Life, In Subtitles

 

They’re useful and they’re everywhere – but could overusing them bring us unintended consequences?

 

I’m a bit of a latecomer to Netflix. I only got hooked about a year ago.

And as I surfed from one entertainment offering to another, I discovered Netflix’s most nifty feature:  subtitles.

Those little white words at the bottom of the screen come in quite handy, particularly with all the cross-cultural and foreign language content. They helped me decipher the confusing diction of 18th century Scottish highlanders through 7 seasons of Outlander. They navigated the quirky Norwegian dialect in Netflix’s first original series from 2012, Lilyhammer (was Steven Van Zandt’s mobster Frank Tagliano really the proprietor of the Bada Bing himself, Silvio Dante?). When I binge-watched all of Squid Game one weekend I alternated between subtitles and English dubbing over the original Korean. (I’d advise against doing this show in one sitting. You won’t be right for days.) And once I finally got around to Breaking Bad, I simply kept them on. As Jesse Pinkman might say: Subtitles, YO!

 

Dinna Fash, Sassenach — I ken that no one understands my Scottish Gaelic.  We’ll go through the stones of Craigh Na Dun to 2023 and fix the subtitles…

 

I’ve read that many people rely heavily on subtitles because they find the dialogue often sounds muddled and difficult to understand. This reportedly has to do with how post-produced audio is mixed down and delivered over streaming services. The full technical explanation starts to get complicated, but the quick and dirty of it is that audio over streaming media is produced to different standards from traditional broadcast TV and film. Some insist it results in a substandard, degraded sound quality, especially when trying to distinguish human conversation from other elements like background music or sound effects. Despite various fixes and hacks, some complain that it still sucks.

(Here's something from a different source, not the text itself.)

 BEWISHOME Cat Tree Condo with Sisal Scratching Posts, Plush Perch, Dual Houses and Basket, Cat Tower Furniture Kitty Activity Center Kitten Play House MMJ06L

Subtitles, however, aren’t used solely to overcome audio problems.

I was surprised to learn that a recent survey shows 50% of Americans watch content with the subtitles on most of the time. The numbers spike even higher by generation:  53% of millennials use them, and a whopping 70% of Gen Z.

57% of people watch content when they’re out in public. I can’t imagine doing this myself, but it appears I’m in the minority. Again, it’s more pronounced among young people – 74% of Gen Z.

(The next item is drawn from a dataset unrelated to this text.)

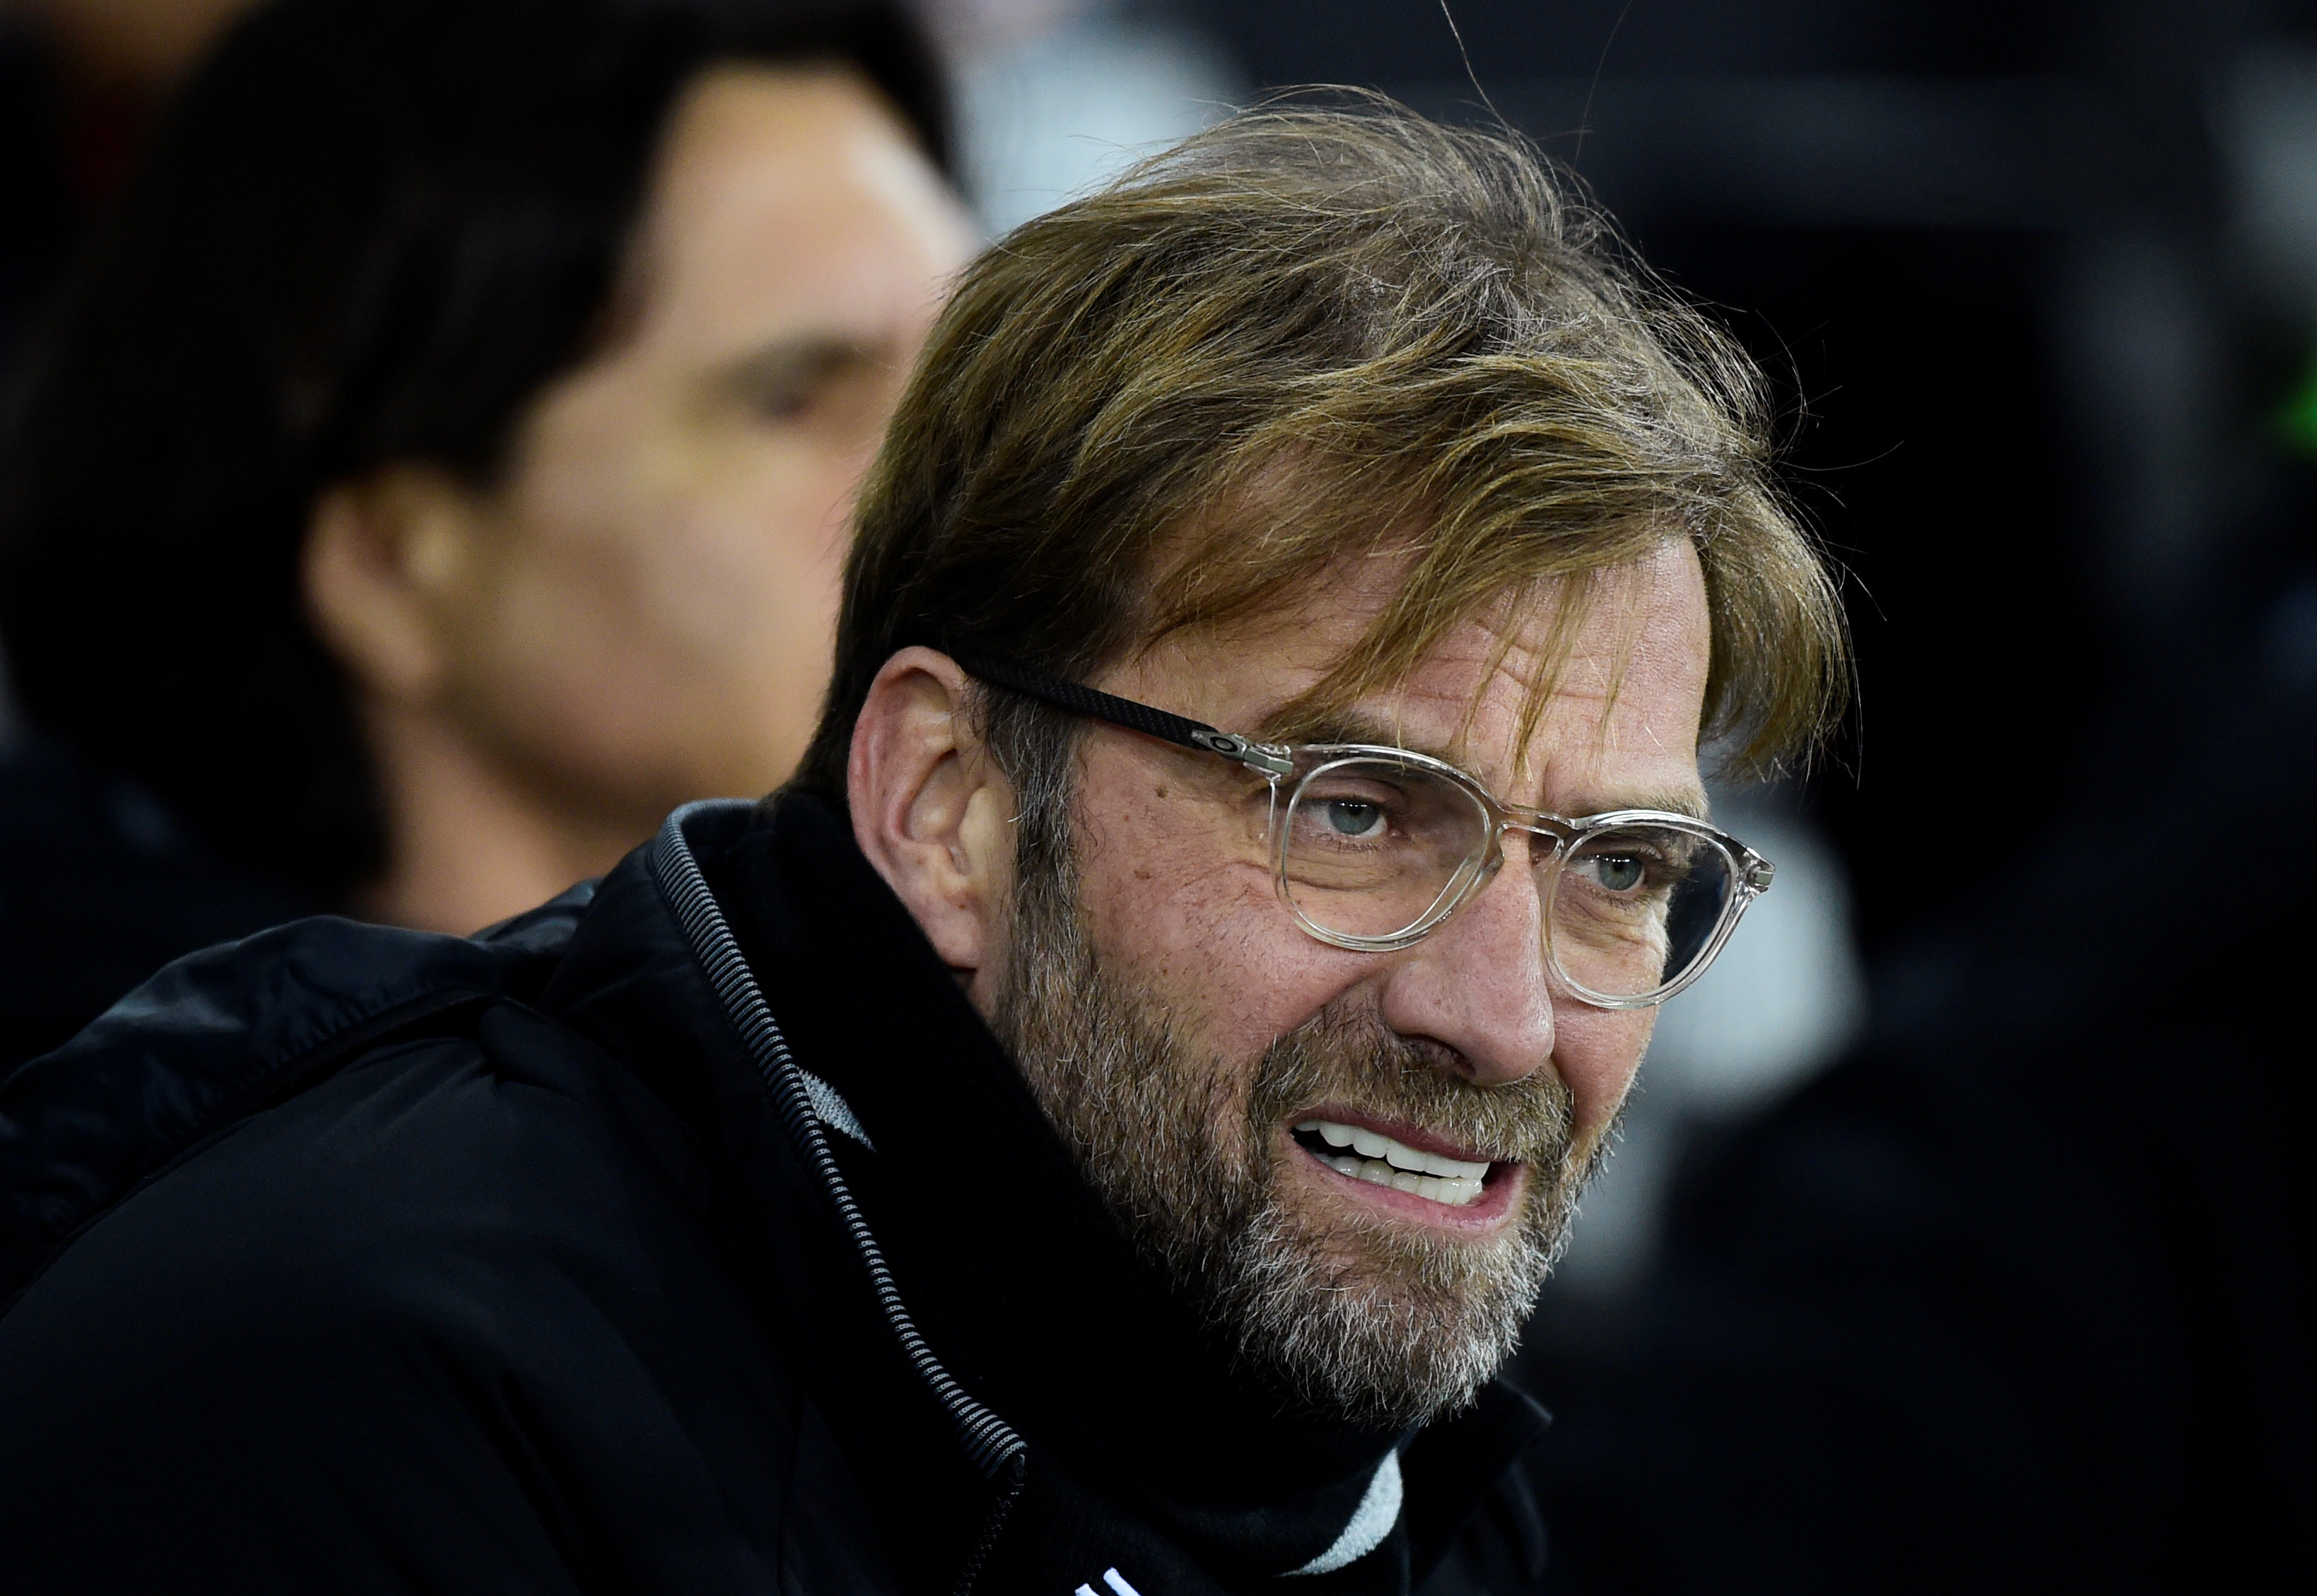 Football: Frustrated Klopp sees Liverpool flop at Swansea

Those surveyed say subtitles serve a practical purpose while viewing on a device in a public space: sensitive to disturbing others, they turn down the volume; interestingly, the same is true in the privacy of their homes, because similarly they don’t want to annoy roommates or family members.

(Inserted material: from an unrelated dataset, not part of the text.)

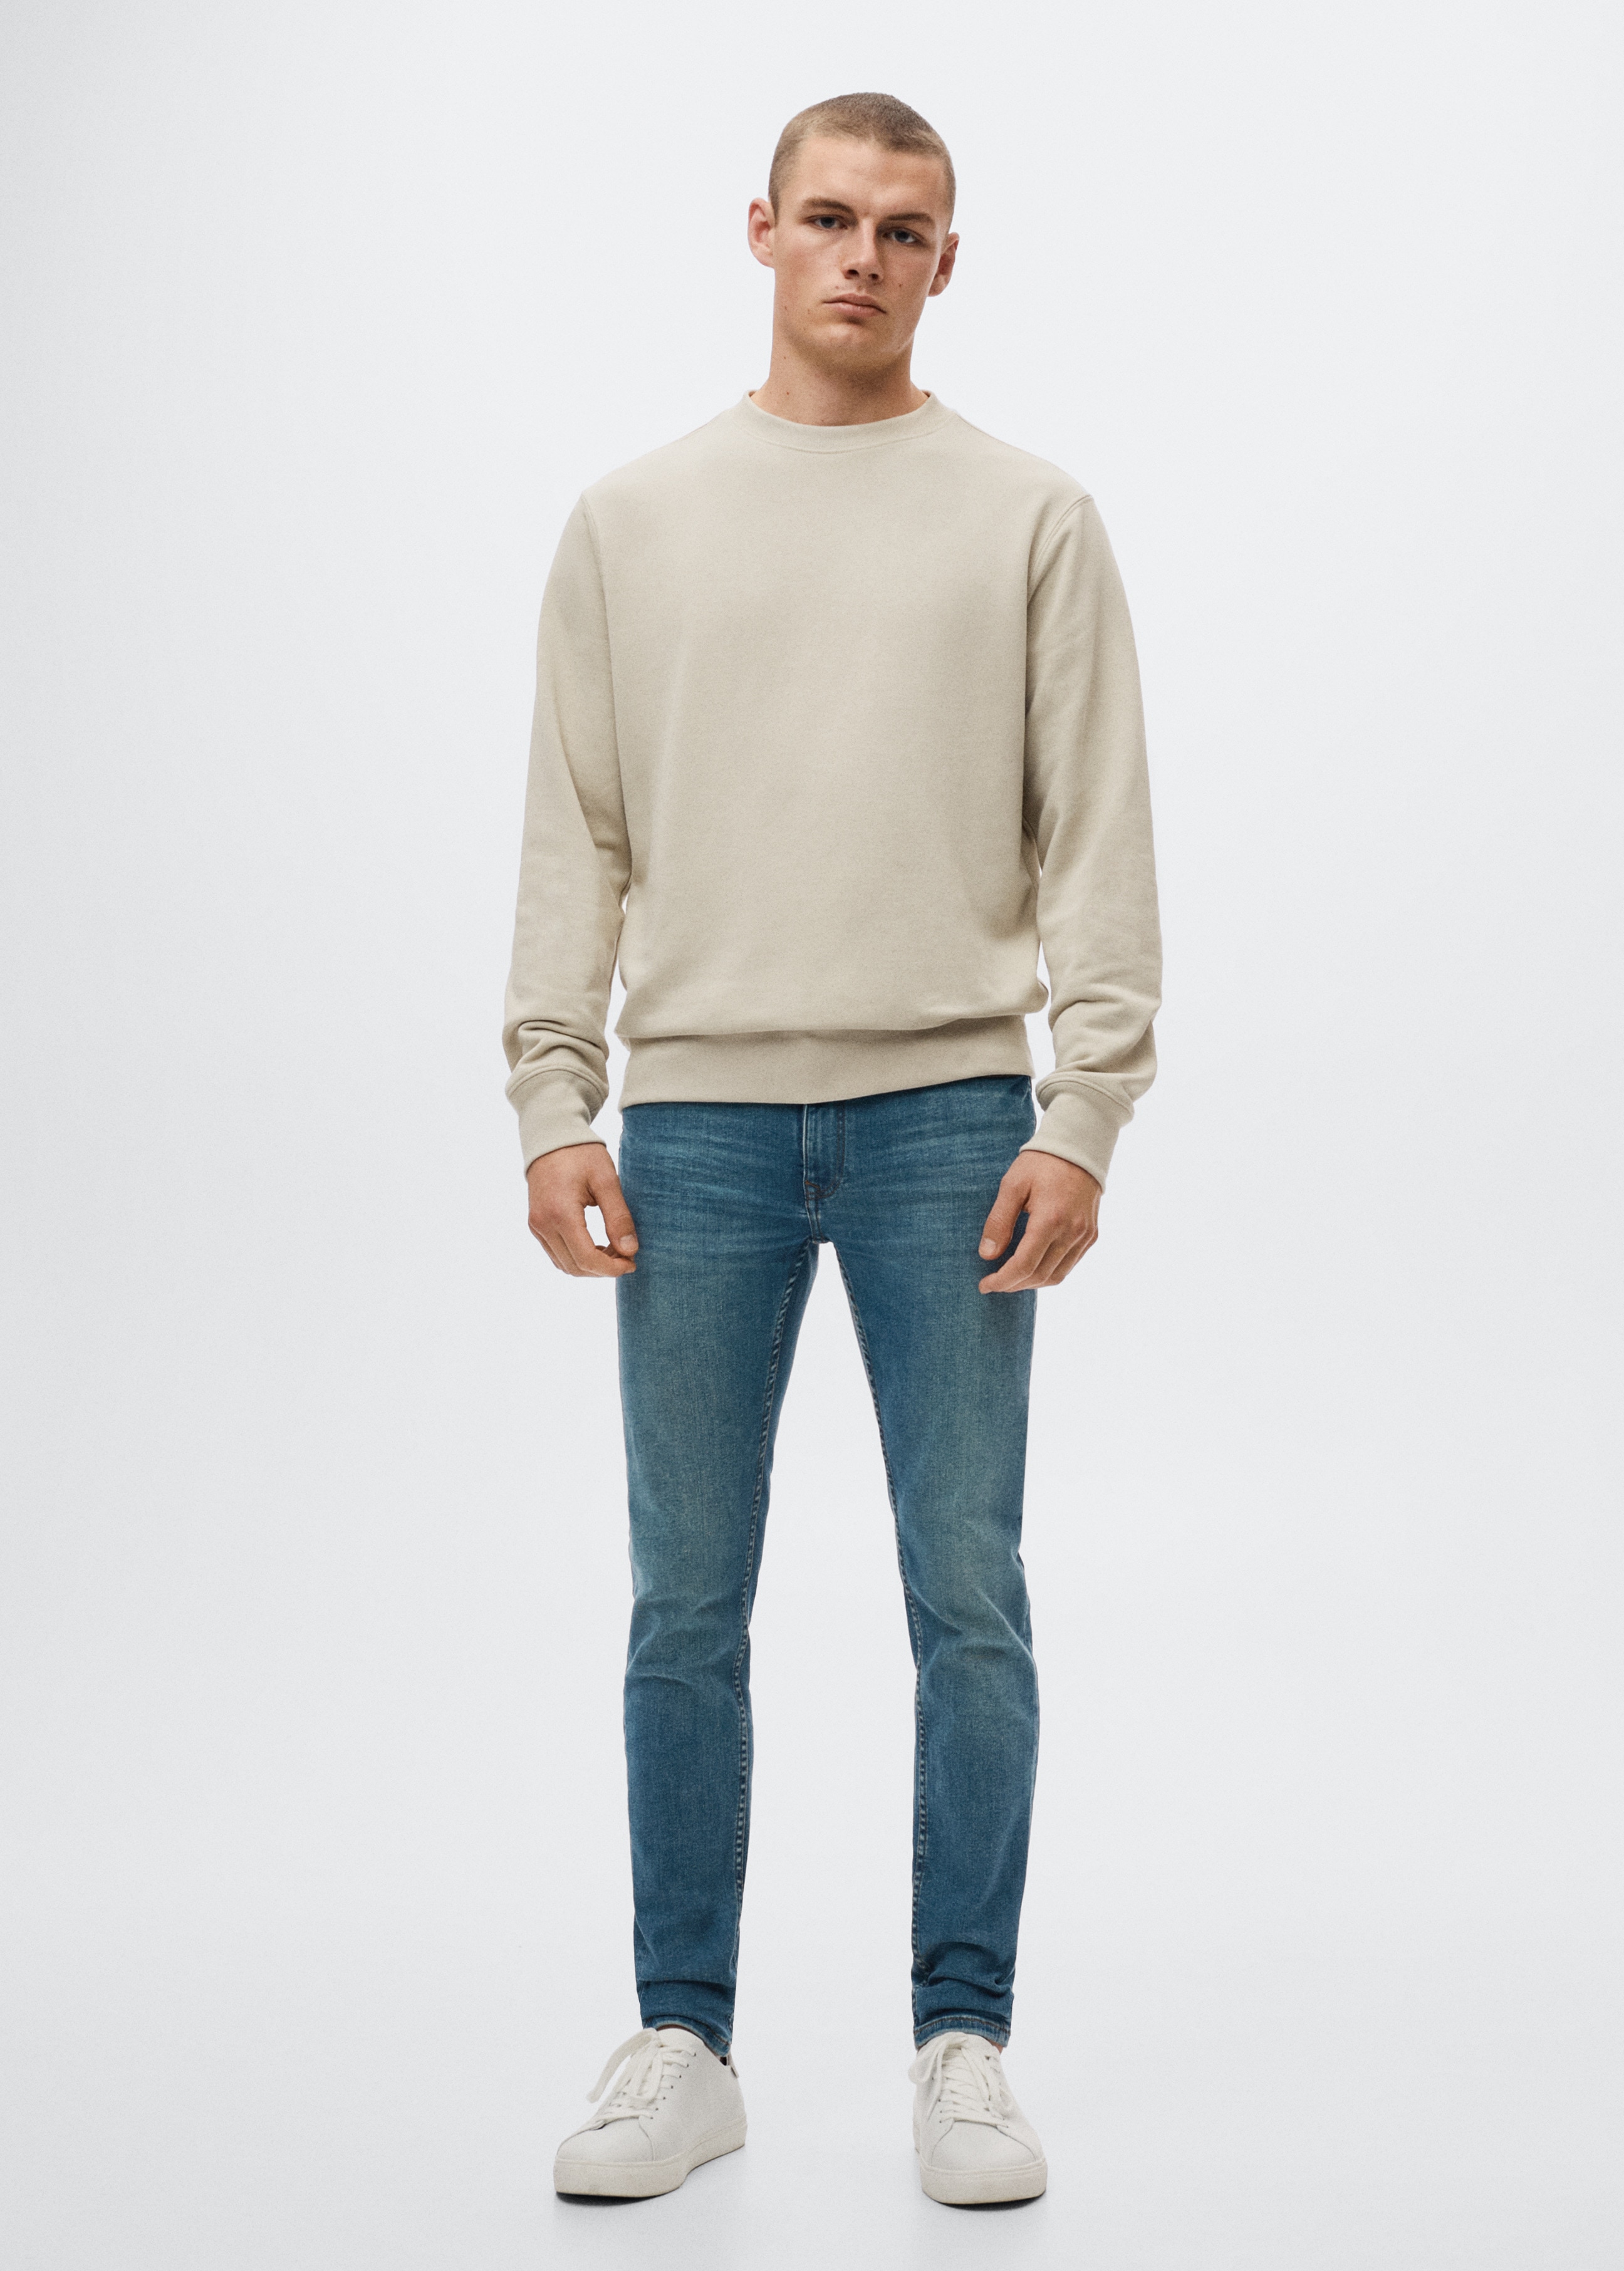 Jeans Jude skinny fit - Plano general

Yet this goes beyond simply being polite. It seems there may be a cultural shift afoot.

Again, it’s the younger generations driving the trend. Unlike the baby boomers or Gen X, for some millennials and all of Gen Z subtitles have always been there. To this entire segment of the population that grew up with Facebook and TikTok, subtitles are not only commonplace, but frankly an expectation. Whether the sound is turned on or off, it’s understood that you’re supposed to see words on screen to accompany whatever you’re watching. That’s just how it works – it would be strange not to see them.

This all got me thinking, particularly in light of another statistic I recently spotted. It says millennials (those born between 1981 and 1996) will make up 75% of the workforce by the year 2025.  That’s not far away, as of this writing. That means those born 1997 and later are not far behind!

Clearly the media consumption habits of this younger set have massive implications for any of us working in media production – not just entertainment, but I think also the “non-broadcast” realms that spill into areas such as business and educational content. As these upcoming generations displace older adults, their new-fangled quirks will quickly become the norm.  A 22-year-old Gen Z kid comes with a vastly different perspective from a 57-year-old Gen Xer, and content producers will need to get wise to that.

Consider subtitles. For Gen X, demanding these kinds of visual cues wasn’t a thing. Not for movies, not for TV. Certainly not for marketing videos or e-learning modules. The deal was you listened hard and focused on what you heard. You paid attention and adapted to the audio. It was pretty much all you had.

For Gen Z? No way. You’d better have words on that screen. And by the way, they’re likely killing the sound.

Let’s take this to one possible logical conclusion. Does this mean that audio eventually becomes optional? Irrelevant? Obsolete? Will we collectively begin to lose an appreciation for that wonderfully immersive sensory experience of sound? Will people cease to care about music, narration, sound effects and the emotional richness they create?

I hope not. I can’t envision a world in which people would be happy only with images and words whipping across a screen. I suspect there will always be a desire for “ear candy.”

There’s a more practical concern. When you lean on subtitles and stop actively listening, you miss out on all the layers of nuance, context, attitude and information that sound can convey. Voice and narration in particular – inflections, pauses, emphasis, tonality, emotionality and other unique signals get stripped away. It corrodes and cheapens our ability to communicate with one another effectively and fully, and becomes a very shallow, one-dimensional exercise, empty of humanity and meaning.

This may put me at odds with younger folks, but I’ll say it:

It all feels very Tik-Tokky. And that’s not a good thing.